# Ski Racing (critique and advise)



## matseski (Jan 17, 2011)

A few of my better shots (more can be seen in the albums linked at bottom)
1 






 2








3





 4





 5





 6








Being the kid with the camera, it has become my job to shoot our races when I have free time.  In general I have been please with my results and feel I have been making improvement with each race; nonetheless, I am looking for ways to improve.  

Lighting is always challenging with a largely snow covered background and usually flat lighting.  I have been shooting manual with settings around 1/400-1/500sec, f5.6-8.0, ISO 400 depending on the conditions of the day. We are not allowed to use flashes as it may distract the racers.   


The main problem I have been having is focusing, and I think it is largely stemming from my lens being primarily a macro lens.  I mainly shoot macro and bought it for that purpose, but I have been struggling with focusing and focus tracking.  I have been using the center point as my focus point.  


I do not know if anyone has specific experience with shooting ski races, but I have been trying to stay as close to the fall line as the race officials will let me.  


I have tried using a monopod, but have found it to be more of a hassle than anything since the subject is moving both vertically and towards me. I have ended up ditching the monopod every time I have tried to use it.  


I always shoot raw and tend to try to just underexpose the skiier while over exposing the snow, then bringing both back into range in post.  I have noticed that this method does exaggerate some colors, but have yet to find a better method without blowing out the snow completely. 

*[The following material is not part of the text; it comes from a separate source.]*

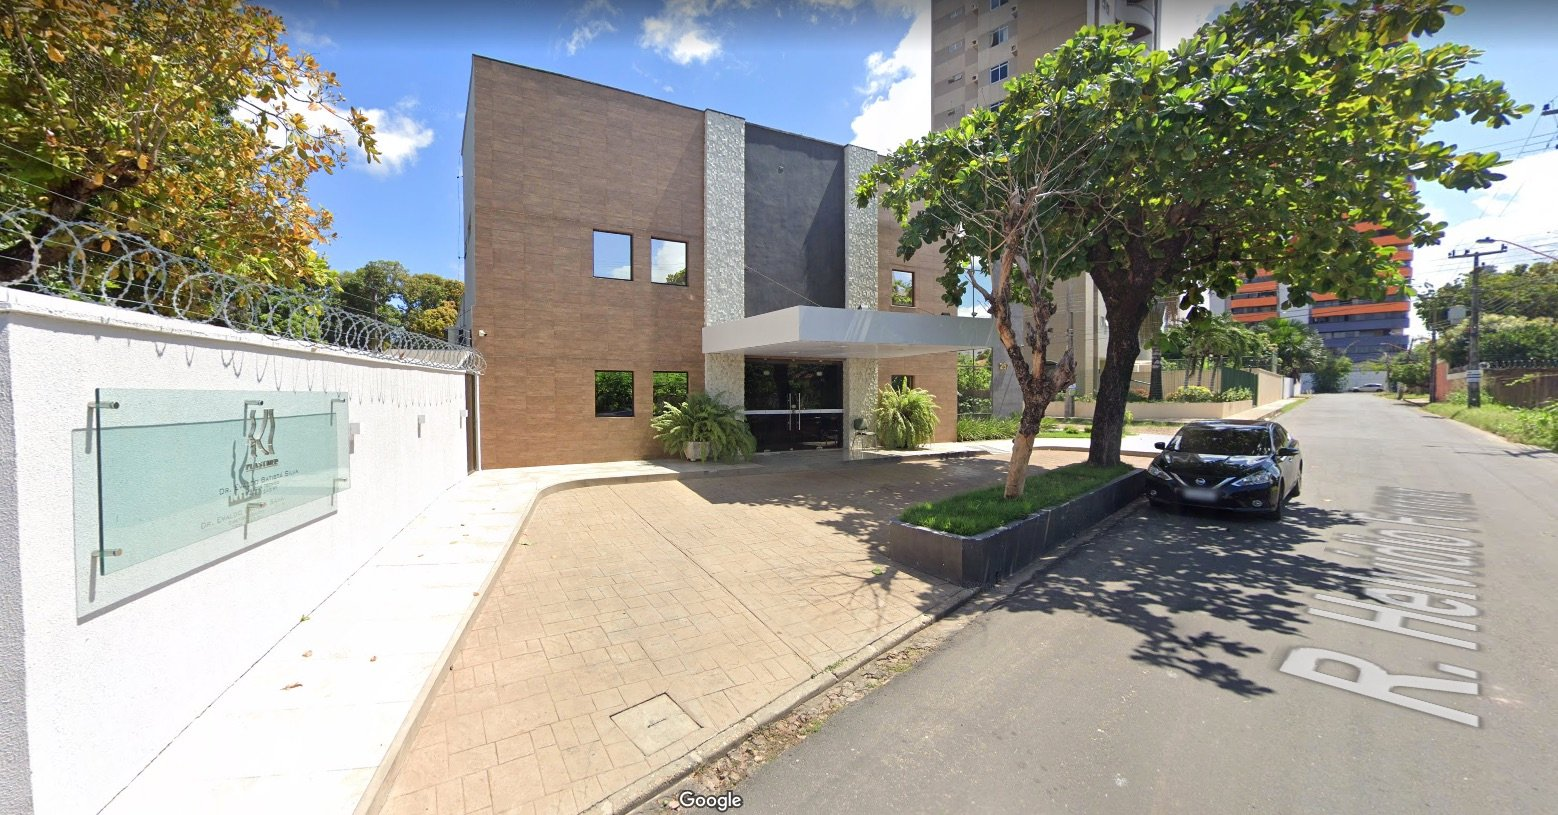 Segurança foi baleado na porta de hospital na zona Leste de Teresina - Foto: Google Maps
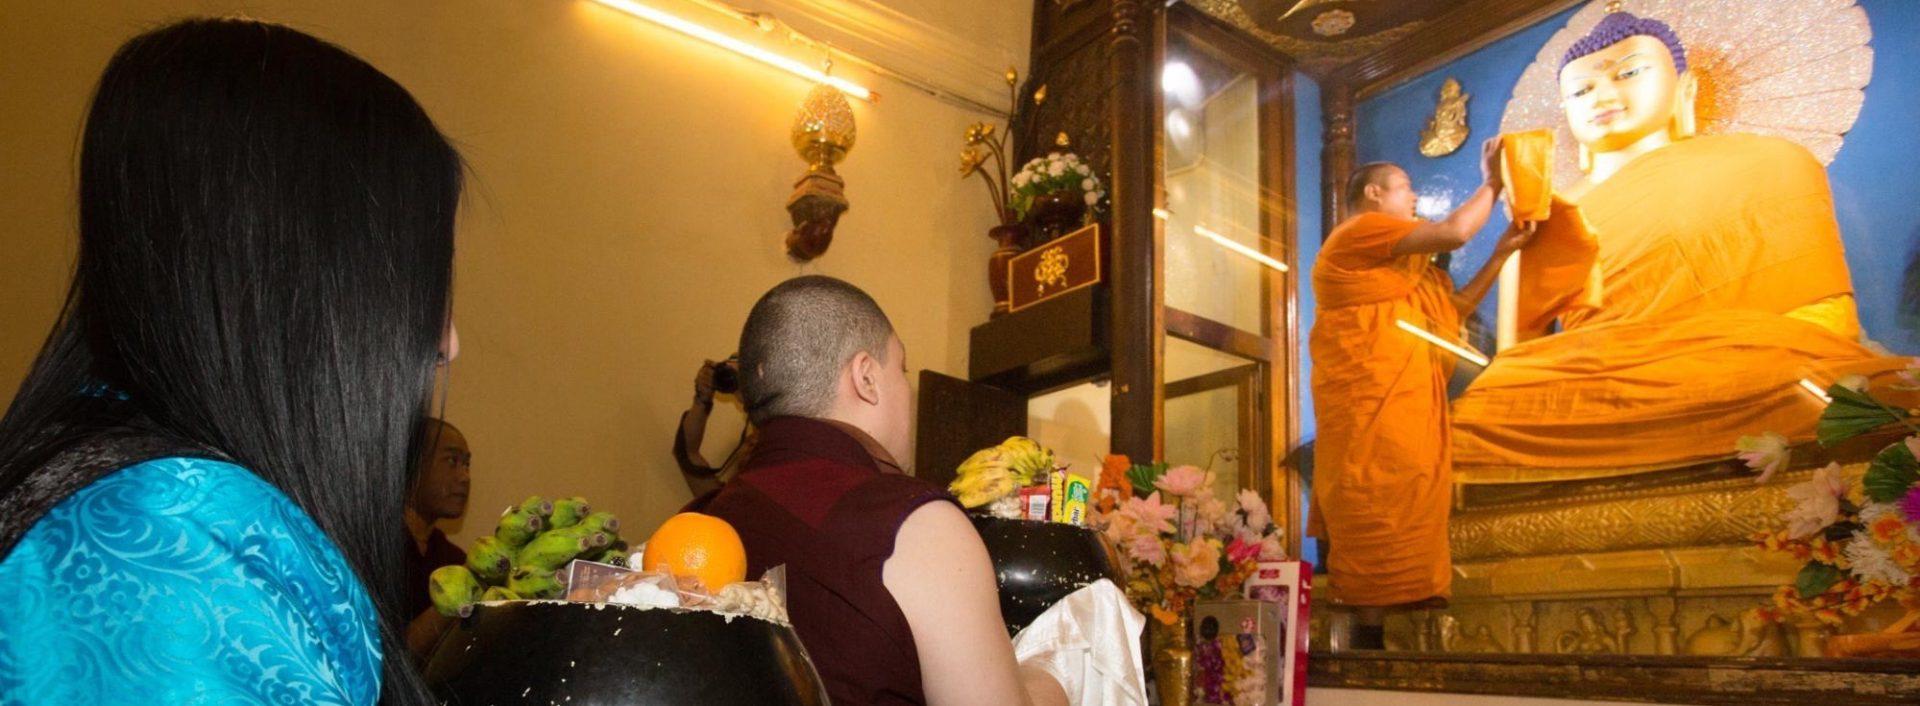 Thaye Dorje, His Holiness the 17th Gyalwa Karmapa, and his wife Sangyumla Rinchen Yangzom making offerings at Bodh Gaya in 2017

I have been shooting on high speed burst with Servo AF and try to shoot a sequence of images though a few turns, both to achieve a quality single image at the apex, but also so the racers can analyze their movements.  I plan on trying shooting in jpg next race so I can shoot longer sequences and hopefully not miss that crash that always seems to occur after I max out my buffer.  


Equipment:
Canon 50D/battery grip
Sigma 150mm f2.8
monopod 



Here are the 3 races I have shot so far, the bottom one is my most recent attempt.  

Penn State Ski Team
Penn State Ski Team
Penn State Ski Team


----------



## Trever1t (Jan 17, 2011)

Really like the expressions on the faces!


----------



## polymoog (Feb 5, 2011)

I agree, facial expression and body language/stance contribute a lot to a picture


----------



## photographyguy1218 (Feb 18, 2011)

Intense shots!!!


----------



## MSnowy (Feb 18, 2011)

nice!


----------



## imagemaker46 (Mar 13, 2011)

Longer lens would really help, but the biggest problem with these is that the backgrounds aren't clean, good ski shots don't have the fences or fans. If you know the hill pick a spot where they are just coming over the crest of the hill, the action is there and so is the timing, it's just a matter of looking past the skiers and watch what's behind them, shutter speed and f stop are both good.  Just work on that background and you'll have some great images.


----------